Hamdi was caught in Afghanistan on an actual battlefield. But the NDAA uses that decision, which was made on that set of facts, and then declares the entire United States, including your church, your next Tea Party Protest, and the chair in which you are now sitting to post your anti-government comments on Facebook to be “the battlefield.”
Do you, as Griffin claims, retain the right to “challenge the legality of your detention” under the NDAA he voted for? Not really. They have changed the rules so that even though there is still a process for challenges, the “right” is all but meaningless. The truth is that you cannot challenge your detention on the same basis as you had before, and the new rules are so slanted towards the executive as to make the challenge process a farce.

Now you can be detained forever, until the “war on terror” ends, without a trial, based on hearsay evidence, and without the burden of proof being on the government to show why you should be held. You will never see a real judge once detained under this act. There would be some kangaroo “military tribunal” created as a formality to finalize the decision. And really, if hearsay evidence counts and the burden is on you to prove you are innocent rather than on the government to prove that you should be held, why should the secret tribunal ever let anyone go?

This is not the end of the NDAA’s assault on your constitutional and God-given rights, just the beginning. I hope to discuss more in another article, and also described why a couple of “fig-leaf” provisions that are being used as evidence that this law does not change much are wrong. My goal in this one was to show how the right to challenge your detention by the executive branch in front of a real judge under the rules of law we are used to has been lost. And it’s both the Republicans and Democrats that are doing it to us.

5:15 AM, January 13, 2012  
Blogger Scott Widen said...

I asked Womack at a Tea Party Candidate forum that with his support of the Patriot act, NDAA and CISPA if he believed in the Constitution since all 3 of those in one way or another violated our rights. He reply during a long winded reply was that lawyers vett the bills to ensure they are constitutional.

On the NDAA vote, besides voting yes Womack voted for Gohmert-HASC amendment not the Amash amendment. Gohmert-HASC does not guarantee due process for Americans. Gohmert amendment lets them hold you under military detention without the chance of habeas petition for up to 30 days. Under current or before they passed it in the house you could file the instant a your are detained. Hmm what could they do to you during those 30 days?
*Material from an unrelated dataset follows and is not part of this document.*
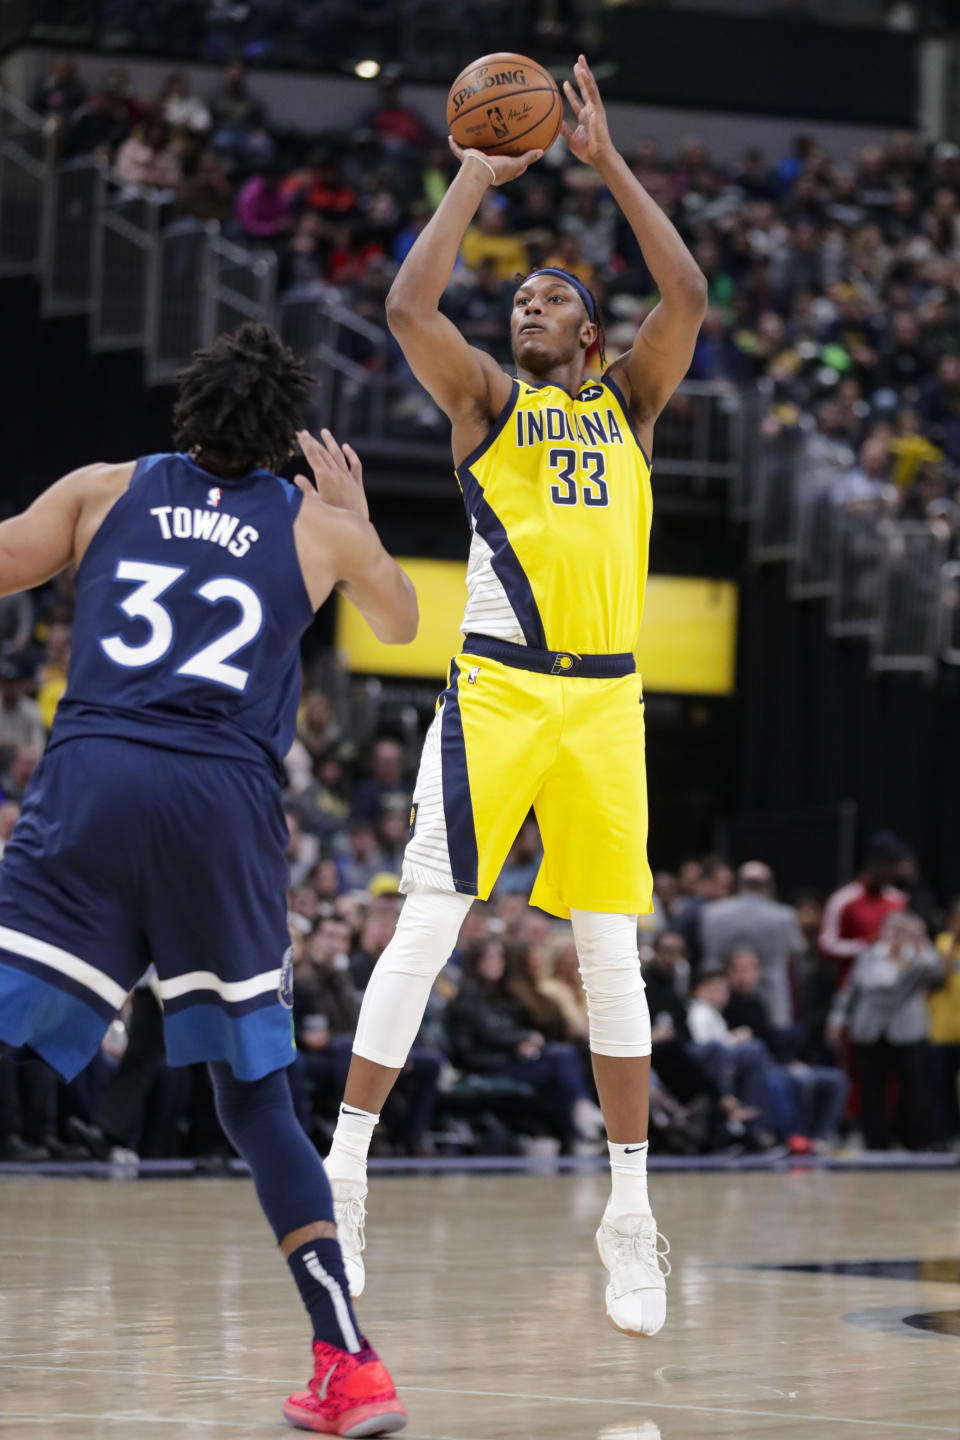 Indiana Pacers center Myles Turner (33) shoots over Minnesota Timberwolves center Karl-Anthony Towns (32) during the second half of an NBA basketball game in Indianapolis, Friday, Jan. 17, 2020. The Pacers won 116-114. (AP Photo/Michael Conroy)

Here is what Womack has to say about the NDAA the other day with his on the front newsletter.

"A provision on detainees expressly stating that nothing in the Authorization for Use of Military Force or the National Defense Authorization Act for Fiscal Year 2013 shall be construed to deny the availability of the writ of habeas corpus for any person who is detained in the United States pursuant to the Authorization for Use of Military Force."

Nice how Womack can say this without the detail of holding you for up to 30 days.